Dari sisi teknologi, peserta misi melihat pengembangan Sistem Peringatan Dini Tsunami Bali, sistem data dan informasi kebencanaan, pemetaan digital partisipatif, Desa Tangguh Bencana serta program kesiapsiagaan di sektor pariwisata dan kampus.
Di Pusdalops BPBD Provinsi Bali, data menjadi salah satu fondasi untuk mendukung peringatan dini, koordinasi tanggap darurat dan pengambilan keputusan secara lebih cepat dan akurat.
Praktik lain ditemukan di Desa Adat Temukus, Karangasem. Pemuda adat bersama masyarakat menggunakan drone untuk memetakan kawasan rawan bencana. Teknologi tersebut dipadukan dengan pengetahuan lokal untuk membantu pengambilan keputusan di tingkat komunitas.
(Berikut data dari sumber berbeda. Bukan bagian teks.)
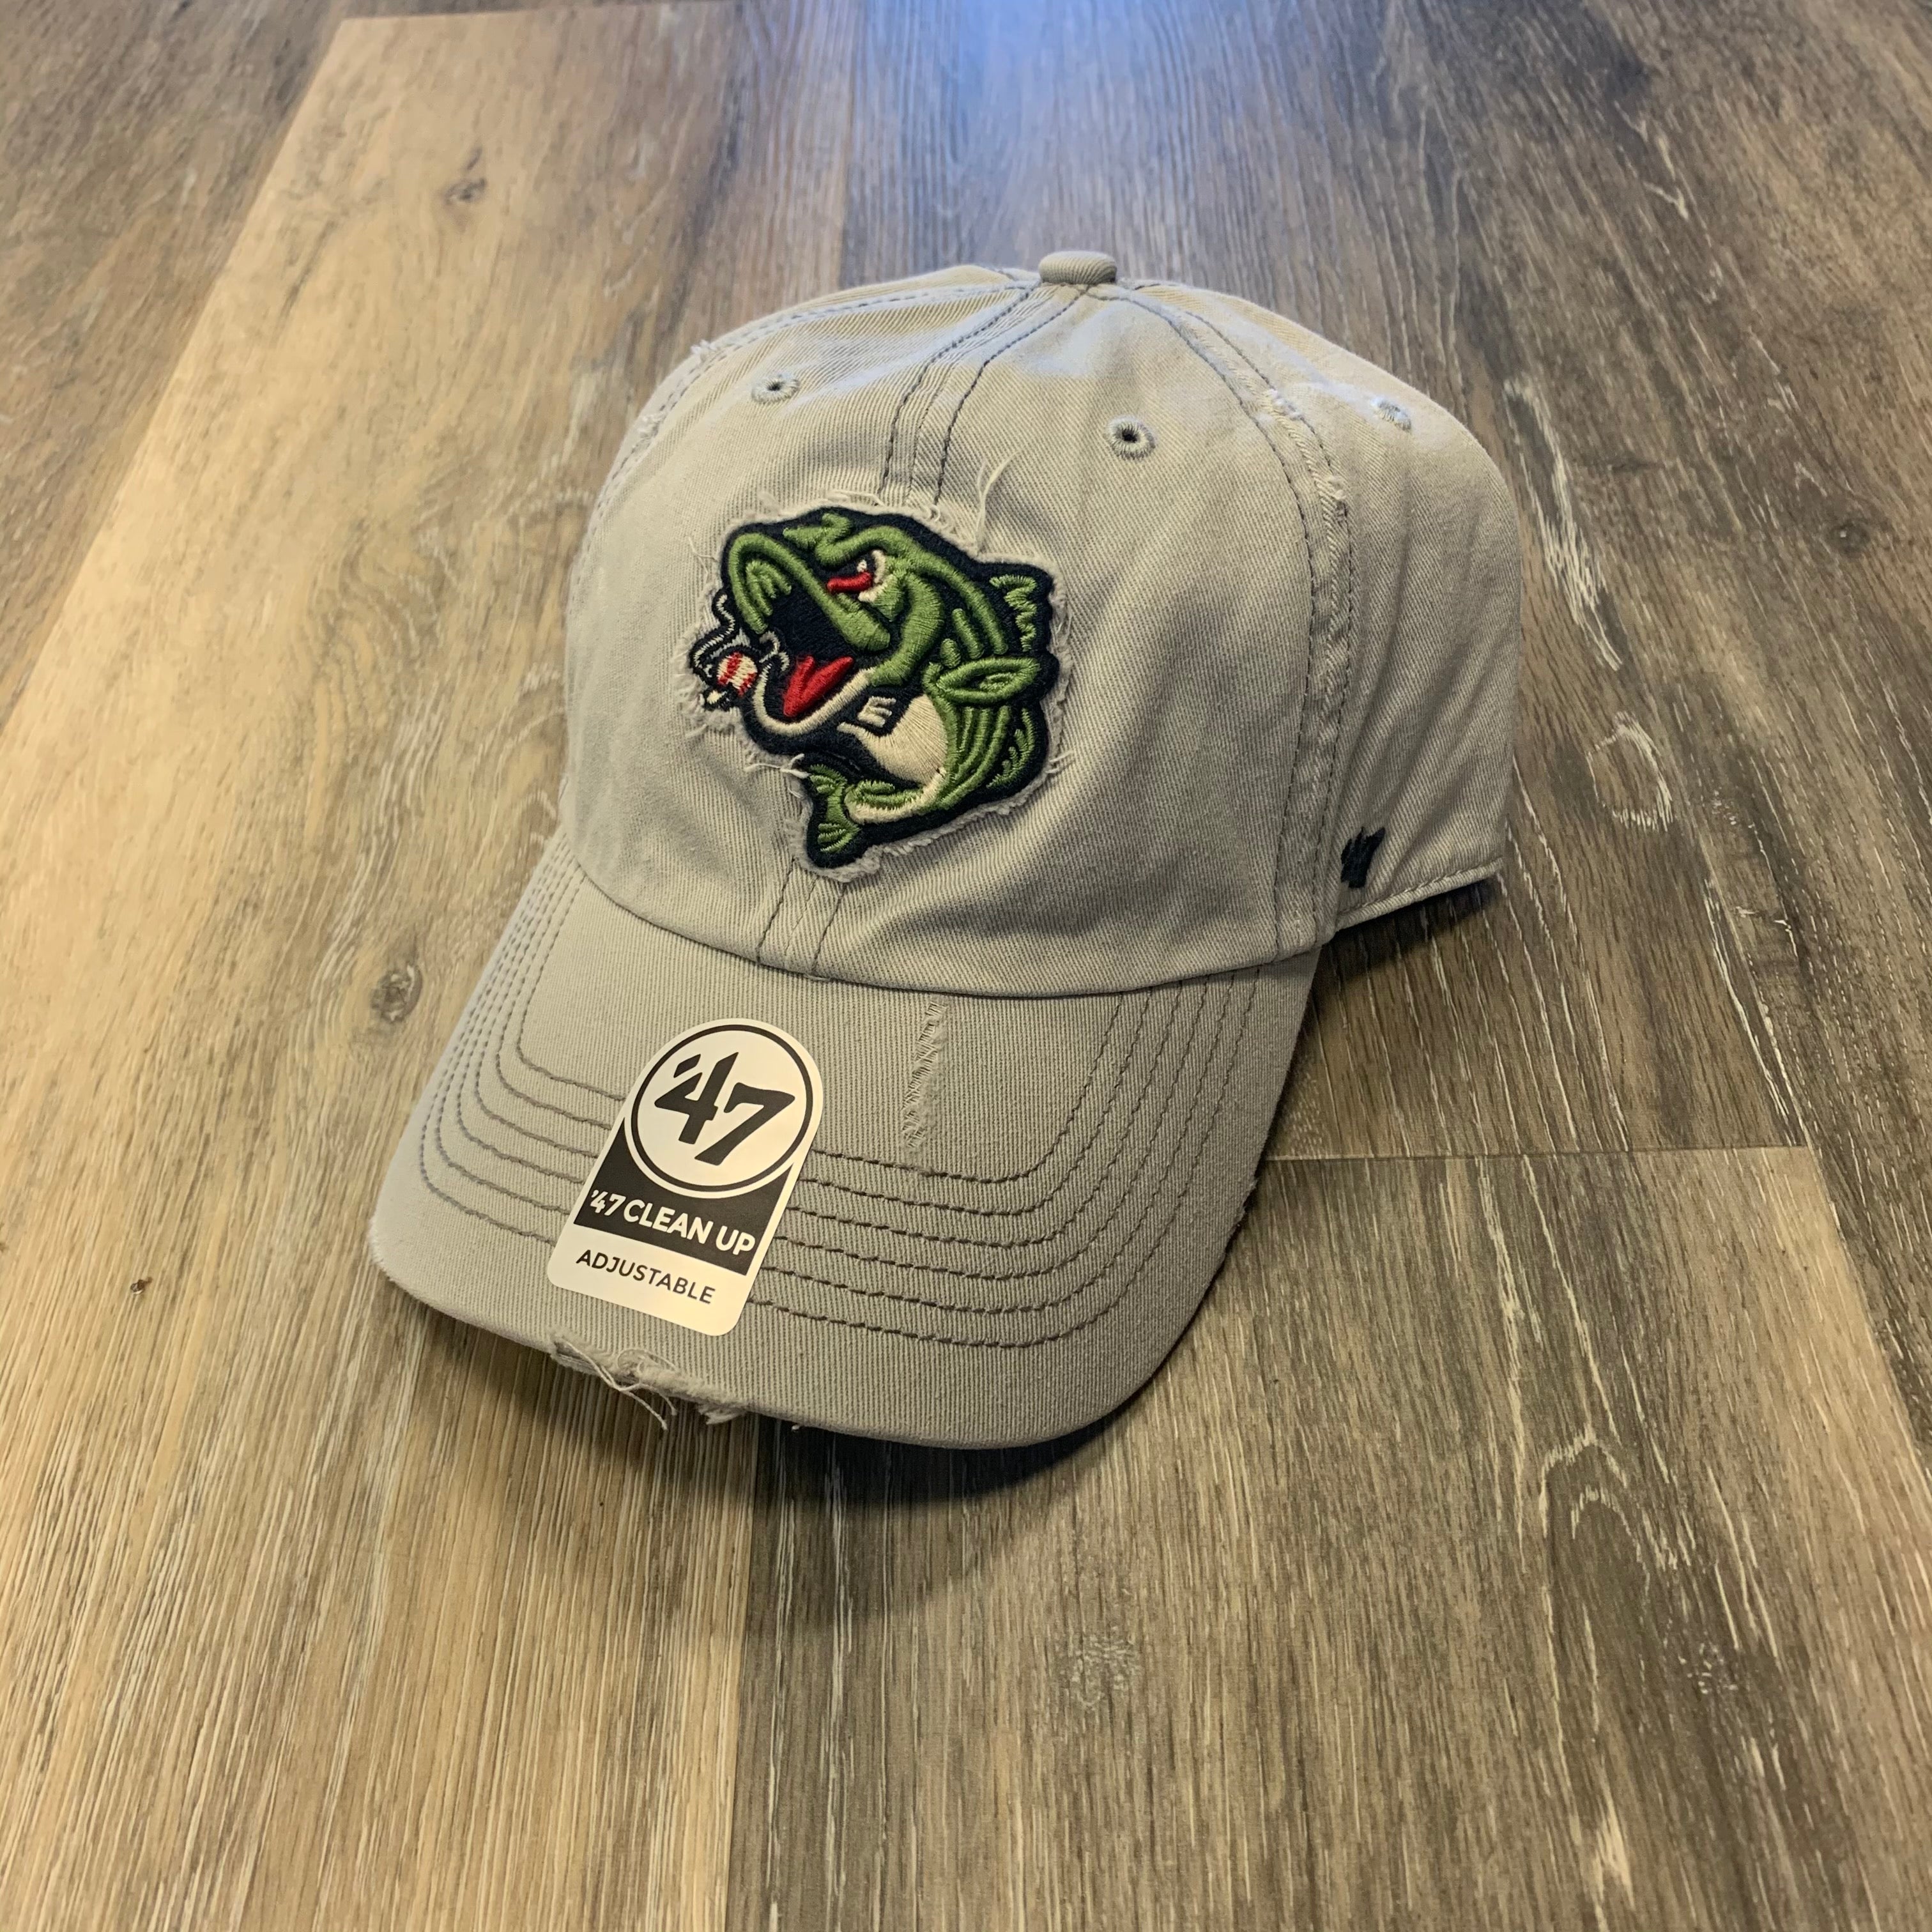 Gwinnett Stripers - Look out for this limited edition fitted hat that hits  the shelves tomorrow at 10 AM. 👀

Direktur Kesiapsiagaan BNPB Pangarso Suryotomo menilai model tersebut berpotensi diterapkan di wilayah lain.
“Menurut saya, desa adat yang telah tangguh bencana dengan menggabungkan teknologi dan pengetahuan lokal, memiliki potensi besar untuk menjadi percontohan di wilayah lain,” katanya. (*)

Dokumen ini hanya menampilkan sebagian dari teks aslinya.